Final Fantasy 14 Fanfest in Las Vegas: So war es, vor Ort zu sein!
Special
Wir waren dabei beim Final Fantasy 14 Fanfest 2023 in Las Vegas und nehmen euch mit auf unsere Reise in die Welt des Online-Rollenspiels!
Aber auch neben den Events auf der Hauptbühne gab es für die Krieger und Kriegerinnen des Lichts einiges auf dem Fanfest zu bestaunen. So wurden verschiedene Locations des Spiels in liebevollen Details nachgebaut. Der Fokus lag klar auf der letzten Erweiterung Endwalker: Der Hafen der griechisch angehauchten Stadt Alt-Sharlayan diente als Kulisse für ein Angelspiel, der Gelegenheitsinhalt Inselparadies war Inspiration für ein Team-Spiel und die Metropole Radz-at-Han stand Vorbild für einen Bereich zum Treffen und Ausruhen. Dazwischen fanden sich immer wieder verkleidete Schauspieler, welche in der Rolle von NPCS den Besuchern und Besucherinnen verschiedene Quests gaben. Zumeist drehte sich die Aufgabe darum, ein bestimmtes Objekt oder einen bestimmten Ort aufzufinden und dort ein Selfie zu machen. Wer fleißig an den Mitmach-Aktionen teilnahm, wurde belohnt. Denn alle absolvierten Minispiele und Quests konnten in der Fanfest-App registriert werden. Die Krieger und Kriegerinnen des Lichts sammelten so Badges, die sie dann gegen eine kleine Belohnung eintauschen konnten.
Daneben war die App auch nötig, um einen Zeitslot für die Teilnahme an der Battle Challenge zu reservieren. Bei dieser hatten Adrenalinsuchende die Chance, einen Kampf auszuprobieren, der so noch nicht im Spiel zu finden ist.

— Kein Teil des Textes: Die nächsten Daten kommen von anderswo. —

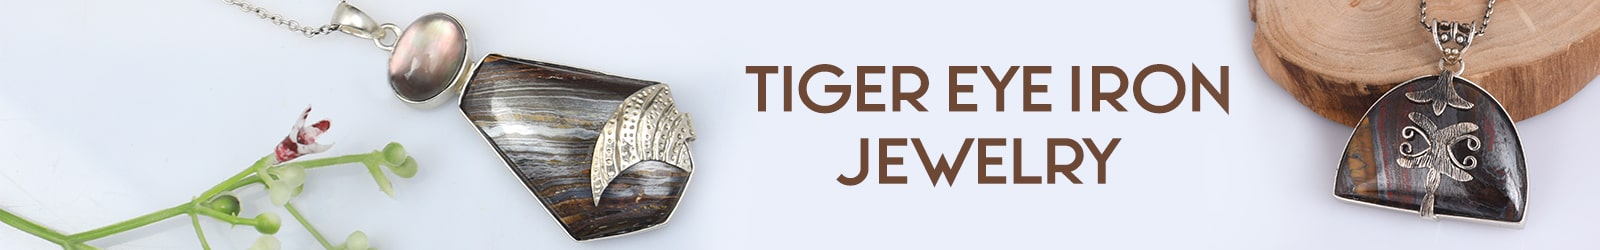 Tiger Eye Iron Jewelry

Der Kampf gegen Asura war kurzweilig, aber leider auch schnell vorbei. Da der Schwierigkeitsgrad nicht sehr hoch ist, absolvierten die meisten Spieler und Spielerinnen die Herausforderung relativ flott. Ein riesiger Spaß war es aber so oder so - und auch eine gute Gelegenheit, mit anderen Fans ins Gespräch zu kommen.
Quelle: PC Games
Überhaupt zeigte sich, dass die Final-Fantasy-14-Community nicht nur online einen guten Ruf genießt, sondern auch live vor Ort freundlich und offen ist. In jeder Warteschlange und bei jedem Event kam man schnell miteinander ins Gespräch und freute sich gemeinsam über Neuankündigungen oder bewunderte staunend die Kostüme der Cosplayer und Cosplayerinnen.
Einige Fans hatten sogar kleine Spiele vorbereitet wie etwa Quizze, die Gleichgesinnten zum Beispiel die Wartezeit am Merch-Stand verkürzten. Auch Community-VIPs und Streamer wie Mizzteq, Kougaon und Xenosys waren vor Ort dabei und immer für ein Gespräch oder Erinnerungsfoto zu haben. Wer richtig Glück hatte, kann auch einen Schnappschuss mit Mitgliedern des Entwicklerteams ergattern.
Beide Abende des Fanfests waren emotionsreich. Am Freitag beendete Pianistin Keiko das Event mit einem Piano-Konzert, das die Fans träumen ließ. Tatkräftig unterstützt wurde sie dabei von Sängerin Amanda Achen, welche bereits einigen Final-Fantasy-14-Songs ihre Stimme lieh.
Am Samstagabend wurde es laut und wild: Die Rockband The Primals beendete unter Führung des Final-Fantasy-14-Sound-Directors und Komponisten Masayoshi Soken fulminant den Tag.
Bei beiden Konzerten war die Stimmung auf einem absoluten Höhepunkt und die Fans feierten ausgelassen zur Musik.
Doch trotz der guten Stimmung flossen am Samstagabend einige Tränen. Denn nach dem Rockkonzert beendete das Entwicklerteam das Fanfest mit hochemotionalen Reden, die nicht nur den Fans, sondern auch dem Entwicklerteam selbst die Tränen in die Augen trieben. Doch lange Zeit für Trauer blieb nicht, denn nach dem Fanfest ist vor dem Fanfest: Schon im Oktober steht das nächste Fanfest in London an, bei dem europäische Fans sich versammeln werden.